The treatment offered to them consists of psychological care and medication to manage the withdrawal symptoms, or “the monkey,” which begins just a few hours after not consuming H.
“A few days is enough for a young person to consume this drug to experience chronic symptoms such as insomnia, irritability, sadness or melancholy,” explains Bermeo, but what causes an immediate addiction counts unlike other drugs. It’s common and muscle pain. “The pain is unbearable and this forces them to start taking medication again within a few hours,” adds the doctor, who has studied the evolution of patients that the combination of toxic substances contained in H damage the lungs, which Seriously damages liver and kidneys. “Those who have died do not do so from an overdose, but from the chronic damage the drug causes to the body, particularly the lungs,” he says.
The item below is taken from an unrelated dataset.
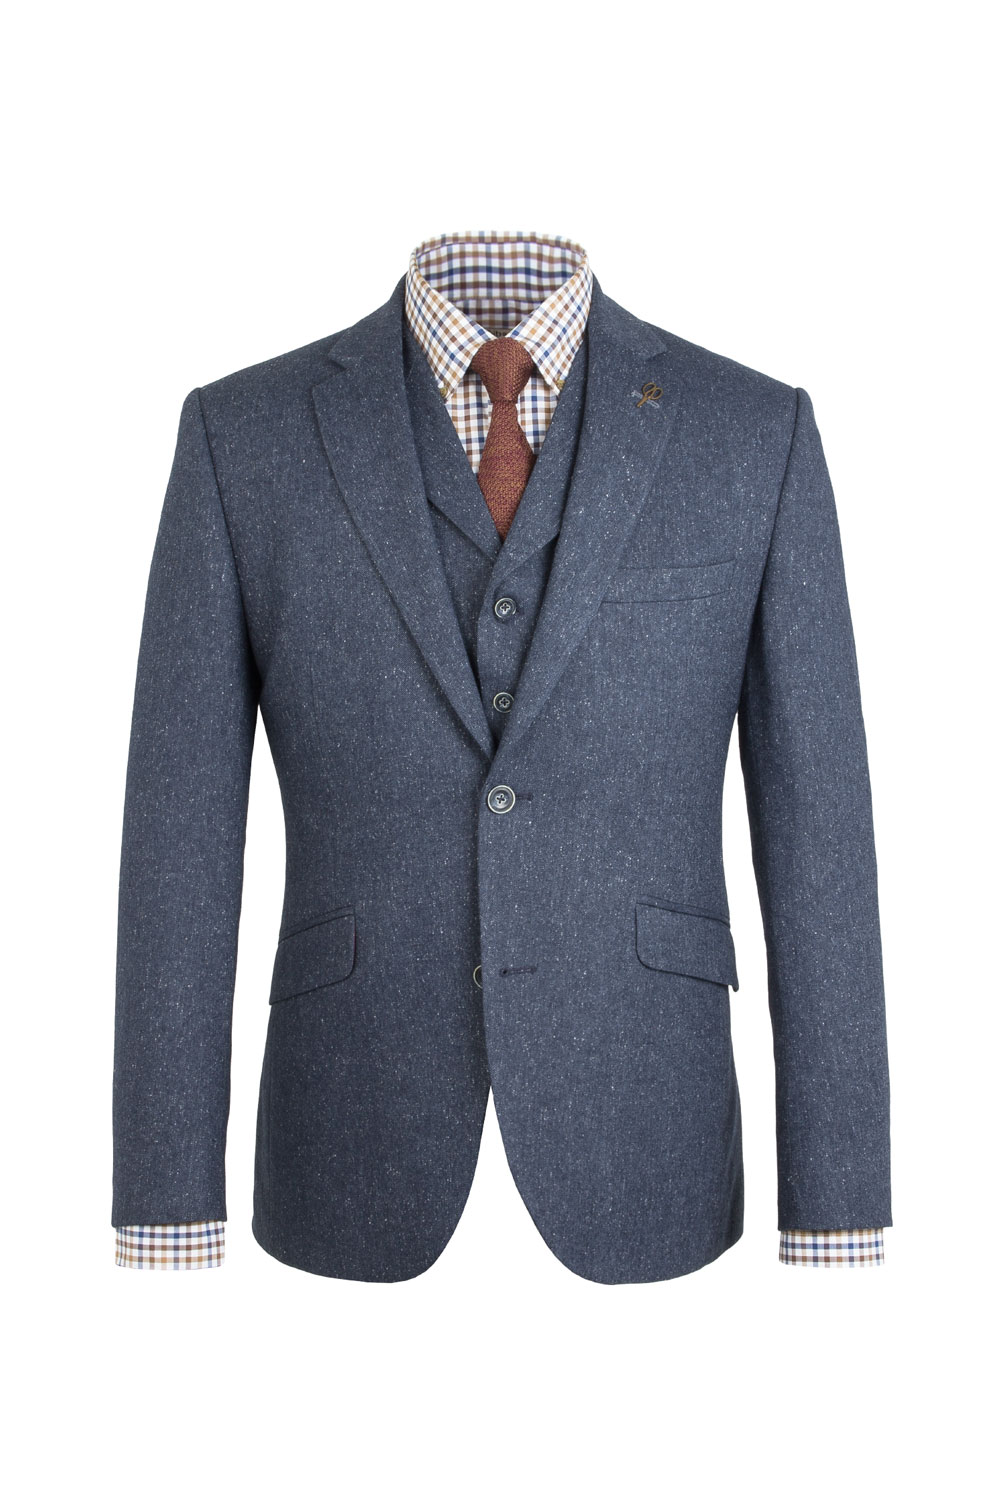 Blue Donegal Tweed 3 Piece Suit - Tom Murphy's Formal and Menswear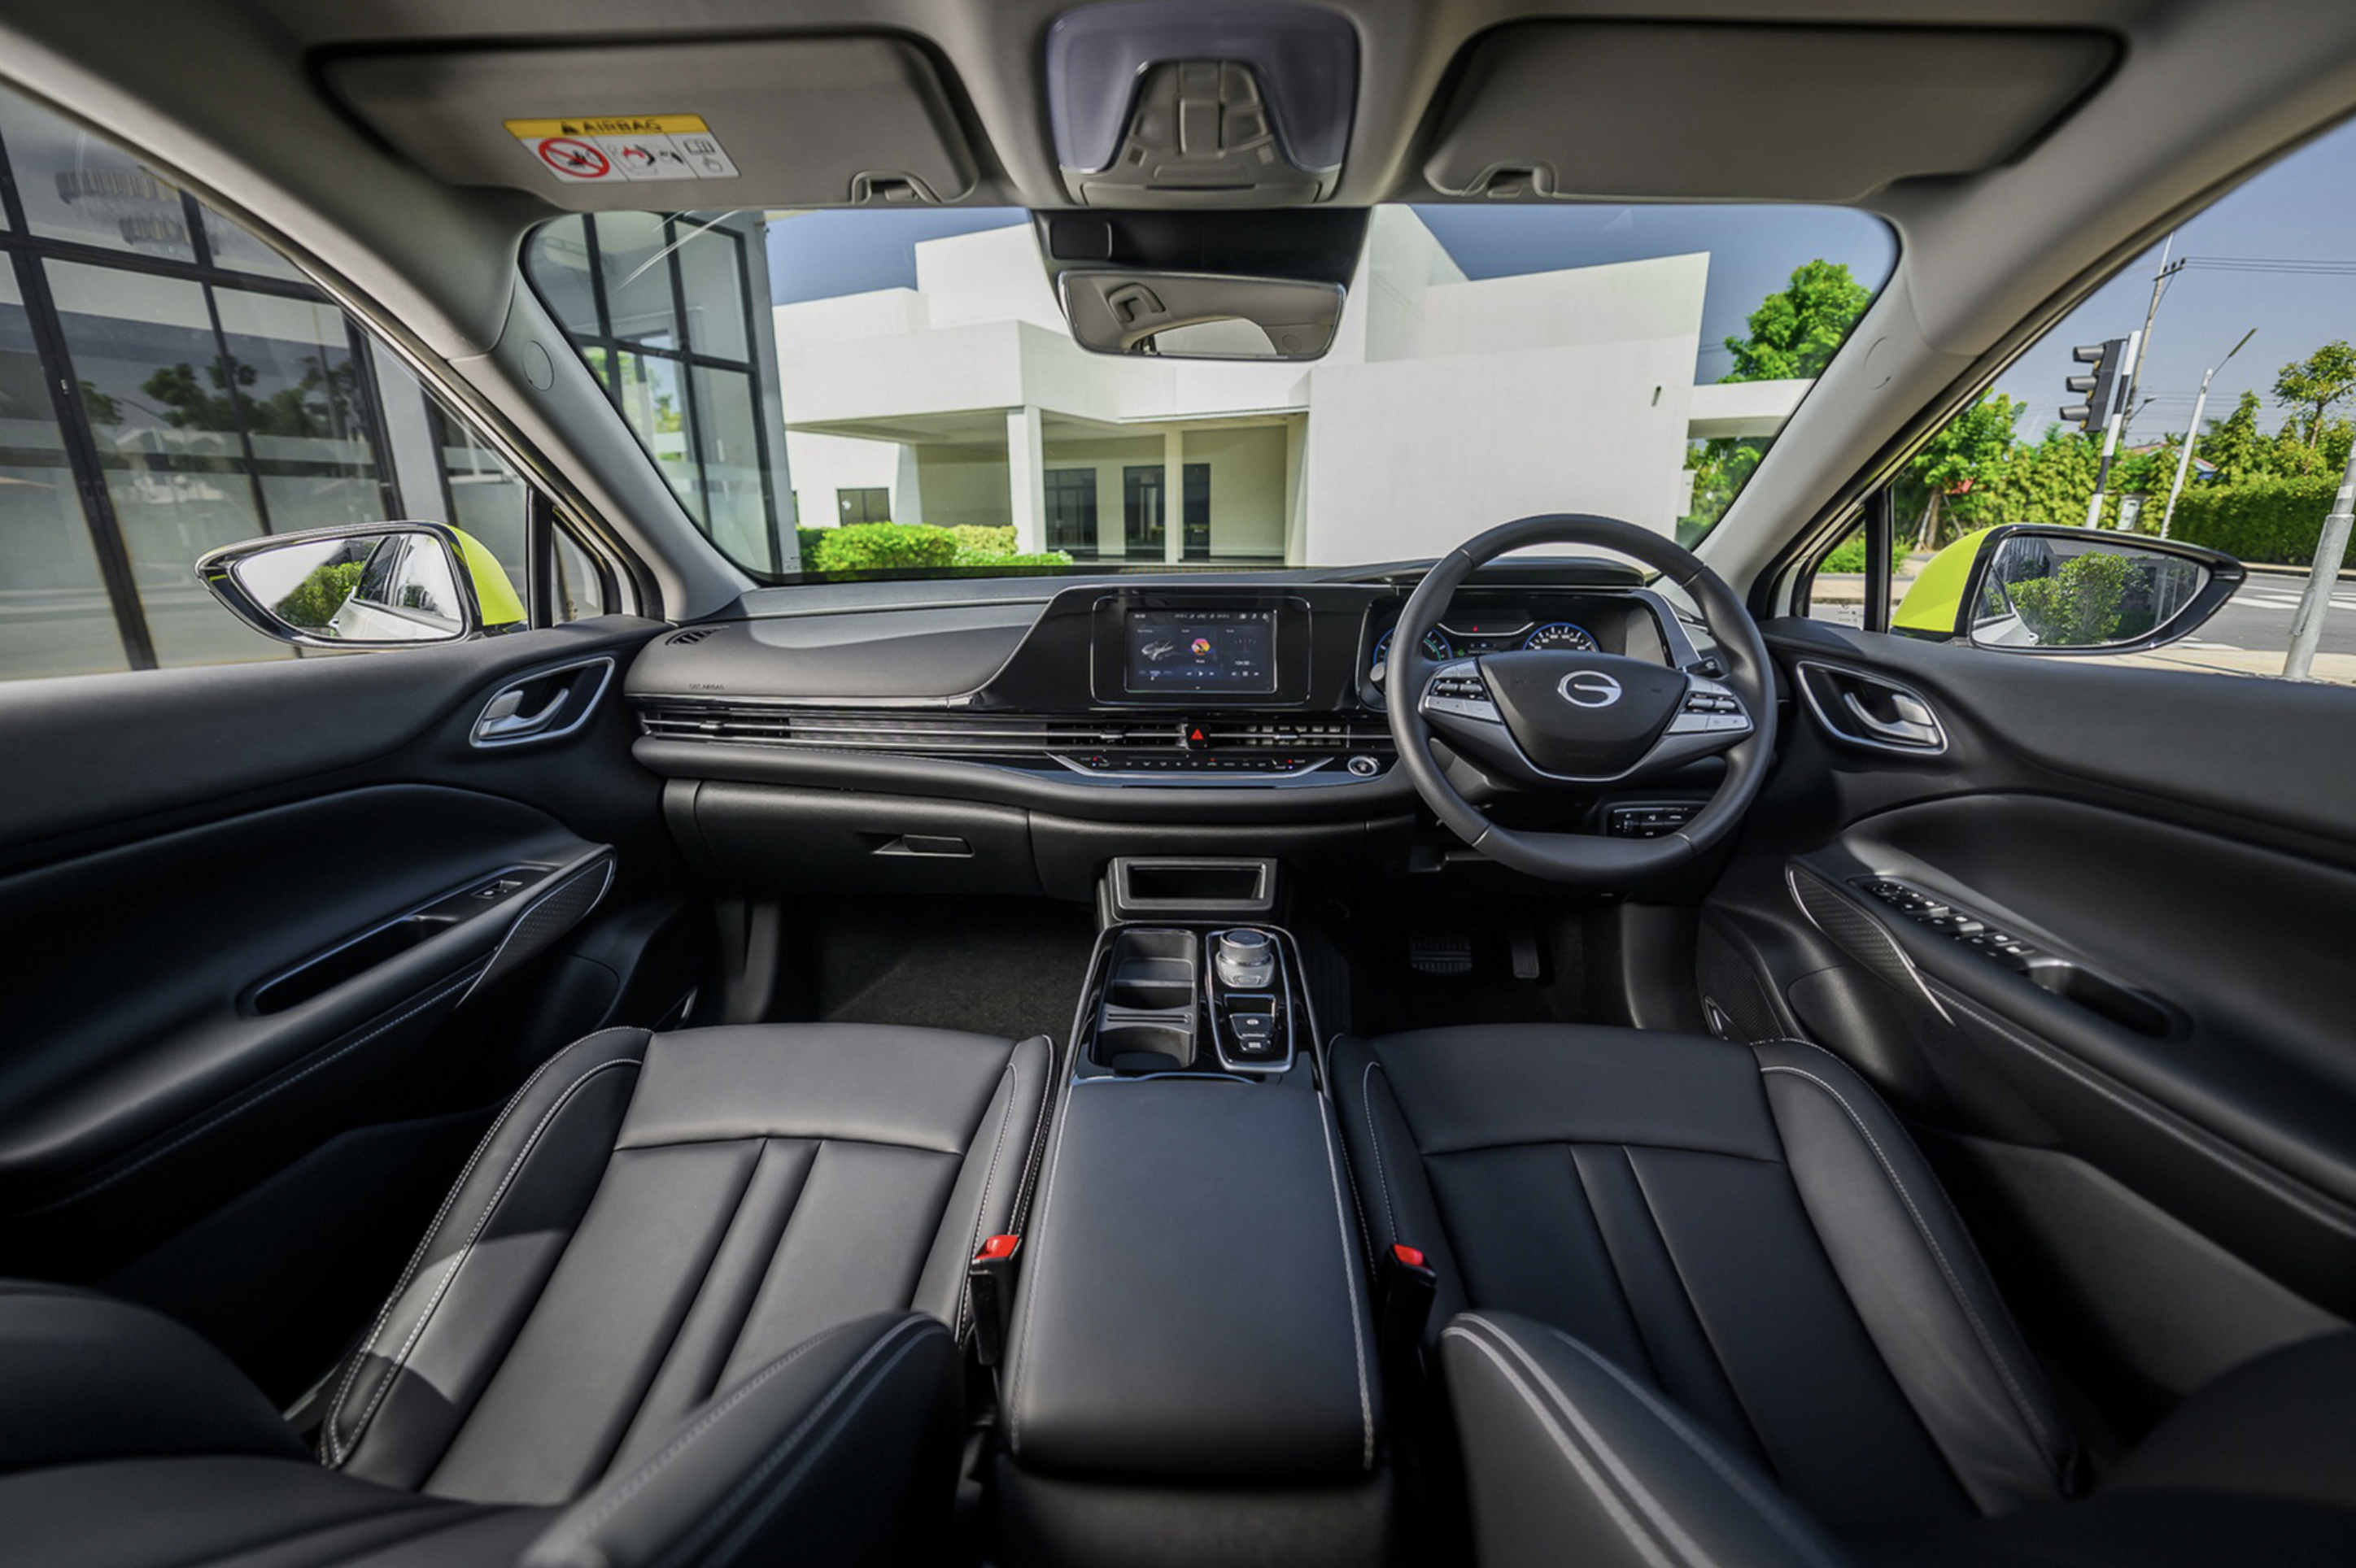 The Aion ES features a small touch screen, an automated parking brake and automatic air conditioning. Photo: AION

“It’s the famous heroine who takes the pain away from us,” says Luis, 16. “It’s momentary, then I’ll need it again. One inhalation lasts two to three hours in my body,” warns the young man, who was supposed to be going to school but dropped out to devote himself to micro-commerce. According to a 2020 survey of more than 2,000 students between the ages of 12 and 17 in Guayaquil, 60% agreed that it was easy to get drugs, and 57% of their friends were already users.
“The problem with drugs is determining why young people use them,” says Bermeo. His patients give him three reasons: “Curiosity, peer pressure and, in the vast majority of cases, problems at home because they come from dysfunctional homes.” For this diagnosis, the country’s treatment must be prevention, which is not only solved with discussions in schools, the only strategy currently in place to prevent children from becoming addicted.